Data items
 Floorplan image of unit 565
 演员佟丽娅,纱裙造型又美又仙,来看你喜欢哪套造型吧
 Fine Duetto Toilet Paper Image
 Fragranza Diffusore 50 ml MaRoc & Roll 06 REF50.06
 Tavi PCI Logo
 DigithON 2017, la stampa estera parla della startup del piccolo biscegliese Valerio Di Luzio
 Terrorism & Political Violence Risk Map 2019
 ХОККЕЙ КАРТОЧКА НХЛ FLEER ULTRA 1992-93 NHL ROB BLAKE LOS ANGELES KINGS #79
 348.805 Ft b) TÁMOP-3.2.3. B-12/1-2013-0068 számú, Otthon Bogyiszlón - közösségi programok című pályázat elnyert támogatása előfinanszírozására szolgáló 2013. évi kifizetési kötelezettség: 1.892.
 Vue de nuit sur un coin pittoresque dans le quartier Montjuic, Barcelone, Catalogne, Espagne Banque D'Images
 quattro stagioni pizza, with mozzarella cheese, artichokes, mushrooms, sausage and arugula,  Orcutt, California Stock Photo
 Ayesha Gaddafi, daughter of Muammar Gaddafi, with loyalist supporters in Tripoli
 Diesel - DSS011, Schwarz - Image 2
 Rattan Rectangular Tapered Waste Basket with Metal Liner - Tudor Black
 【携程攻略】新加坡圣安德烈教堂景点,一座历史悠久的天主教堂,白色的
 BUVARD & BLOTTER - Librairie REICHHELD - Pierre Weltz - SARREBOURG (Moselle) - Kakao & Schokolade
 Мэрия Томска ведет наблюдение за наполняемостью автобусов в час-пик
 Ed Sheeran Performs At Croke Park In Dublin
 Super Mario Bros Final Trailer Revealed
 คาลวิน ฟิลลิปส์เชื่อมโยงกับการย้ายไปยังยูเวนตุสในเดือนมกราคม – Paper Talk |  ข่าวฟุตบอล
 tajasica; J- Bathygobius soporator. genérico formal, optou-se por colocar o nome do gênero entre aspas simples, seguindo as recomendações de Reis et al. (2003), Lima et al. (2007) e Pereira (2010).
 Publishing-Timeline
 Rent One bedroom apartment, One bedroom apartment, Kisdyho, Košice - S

* **Task directions**: Your task is to repeat the data exactly; please include every line.

* **Final answer**:
 Floorplan image of unit 565
 演员佟丽娅,纱裙造型又美又仙,来看你喜欢哪套造型吧
 Fine Duetto Toilet Paper Image
 Fragranza Diffusore 50 ml MaRoc & Roll 06 REF50.06
 Tavi PCI Logo
 DigithON 2017, la stampa estera parla della startup del piccolo biscegliese Valerio Di Luzio
 Terrorism & Political Violence Risk Map 2019
 ХОККЕЙ КАРТОЧКА НХЛ FLEER ULTRA 1992-93 NHL ROB BLAKE LOS ANGELES KINGS #79
 348.805 Ft b) TÁMOP-3.2.3. B-12/1-2013-0068 számú, Otthon Bogyiszlón - közösségi programok című pályázat elnyert támogatása előfinanszírozására szolgáló 2013. évi kifizetési kötelezettség: 1.892.
 Vue de nuit sur un coin pittoresque dans le quartier Montjuic, Barcelone, Catalogne, Espagne Banque D'Images
 quattro stagioni pizza, with mozzarella cheese, artichokes, mushrooms, sausage and arugula,  Orcutt, California Stock Photo
 Ayesha Gaddafi, daughter of Muammar Gaddafi, with loyalist supporters in Tripoli
 Diesel - DSS011, Schwarz - Image 2
 Rattan Rectangular Tapered Waste Basket with Metal Liner - Tudor Black
 【携程攻略】新加坡圣安德烈教堂景点,一座历史悠久的天主教堂,白色的
 BUVARD & BLOTTER - Librairie REICHHELD - Pierre Weltz - SARREBOURG (Moselle) - Kakao & Schokolade
 Мэрия Томска ведет наблюдение за наполняемостью автобусов в час-пик
 Ed Sheeran Performs At Croke Park In Dublin
 Super Mario Bros Final Trailer Revealed
 คาลวิน ฟิลลิปส์เชื่อมโยงกับการย้ายไปยังยูเวนตุสในเดือนมกราคม – Paper Talk |  ข่าวฟุตบอล
 tajasica; J- Bathygobius soporator. genérico formal, optou-se por colocar o nome do gênero entre aspas simples, seguindo as recomendações de Reis et al. (2003), Lima et al. (2007) e Pereira (2010).
 Publishing-Timeline
 Rent One bedroom apartment, One bedroom apartment, Kisdyho, Košice - S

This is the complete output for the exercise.